Since the noise \(\mathbf {\vec {n}}\) is an additive noise to the output \(\mathbf {\vec {b}}\) of the system, the since the noise has zero
mean, then the mean of \(\mathbf {\vec {z}}\) will be the same as the mean of \(\mathbf {\vec {b}}\). But \(\mathbf {\vec {b}}\) is a deterministic signal which does
not change, hence its mean is its value, hence the mean of \(\mathbf {\vec {z}}\,\ \)is \(\mathbf {\vec {b}\,.}\)
Now, \(\mathbf {\vec {z}}\) is described by a probability density function PDF as follows ( \(\mathbf {\vec {z}}\) is in \(R^{m}\), hence it is \(m\) long
vector)
\begin{align*} \Pr \left ( \mathbf {\vec {z};}\left \{ \mu \left ( \mathbf {\vec {z}}\right ) ,\sigma ^{2}\mathbf {I}_{m}\right \} \right ) & =\frac {1}{\left ( 2\pi \sigma ^{2}\right ) ^{\frac {m}{2}}}\exp \left ( -\frac {1}{2\sigma ^{2}}\left \Vert \mathbf {\vec {z}}-\mu \left ( \mathbf {\vec {z}}\right ) \right \Vert ^{2}\right ) \\ \Pr \left ( \mathbf {\vec {z};}\left \{ \mathbf {\vec {b},}\sigma ^{2}\mathbf {I}_{m}\right \} \right ) & =\frac {1}{\left ( 2\pi \sigma ^{2}\right ) ^{\frac {m}{2}}}\exp \left ( -\frac {1}{2\sigma ^{2}}\left \Vert \mathbf {\vec {z}}-\mathbf {\vec {b}}\right \Vert ^{2}\right ) \end{align*}
But since \(A\mathbf {\vec {x}}=\mathbf {\vec {b}}\), then the above can be written as
\[ \Pr \left ( \mathbf {\vec {z};}\left \{ A\mathbf {\vec {x},}\sigma ^{2}\mathbf {I}_{m}\right \} \right ) =\frac {1}{\left ( 2\pi \sigma ^{2}\right ) ^{\frac {m}{2}}}\exp \left ( -\frac {1}{2\sigma ^{2}}\left \Vert \mathbf {\vec {z}}-A\mathbf {\vec {x}}\right \Vert ^{2}\right ) \]

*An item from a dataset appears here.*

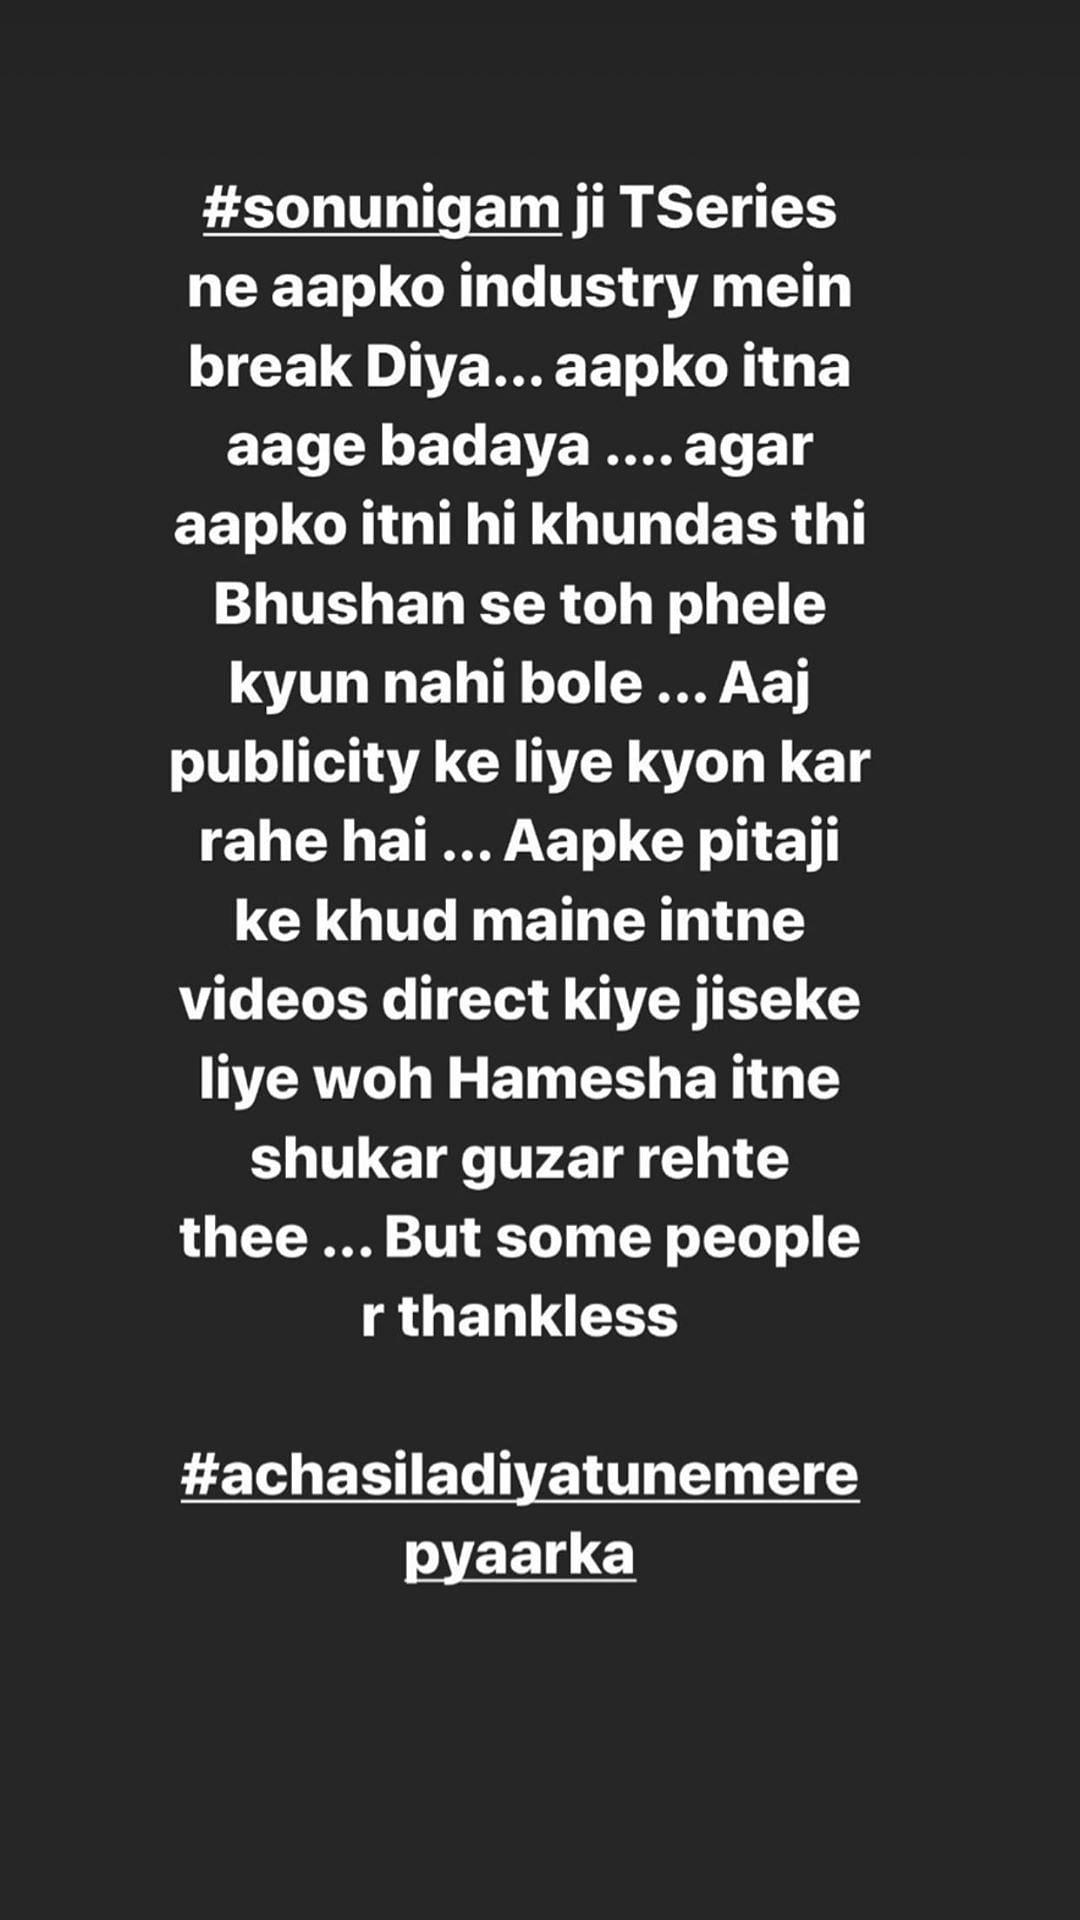 Divya Khosla Reacts to Sonu Nigam's Video, Calls Him 'Thankless'

Since \(A\) is a constant matrix (system is assumed to be time-invariant), hence from the above we see
that the expression gives the probability of observing \(\mathbf {\vec {z}}\) for a given \(\mathbf {\vec {x}}\). Hence the best
estimate of \(\mathbf {\vec {x}}\) would be the one which maximizes this probability. Instead of maximizing the
PDF directly, we maximize its natural logarithm (a mathematical convenience trick, no
more).
Now find the natural logarithm of the above quantity, and find where the result is maximum.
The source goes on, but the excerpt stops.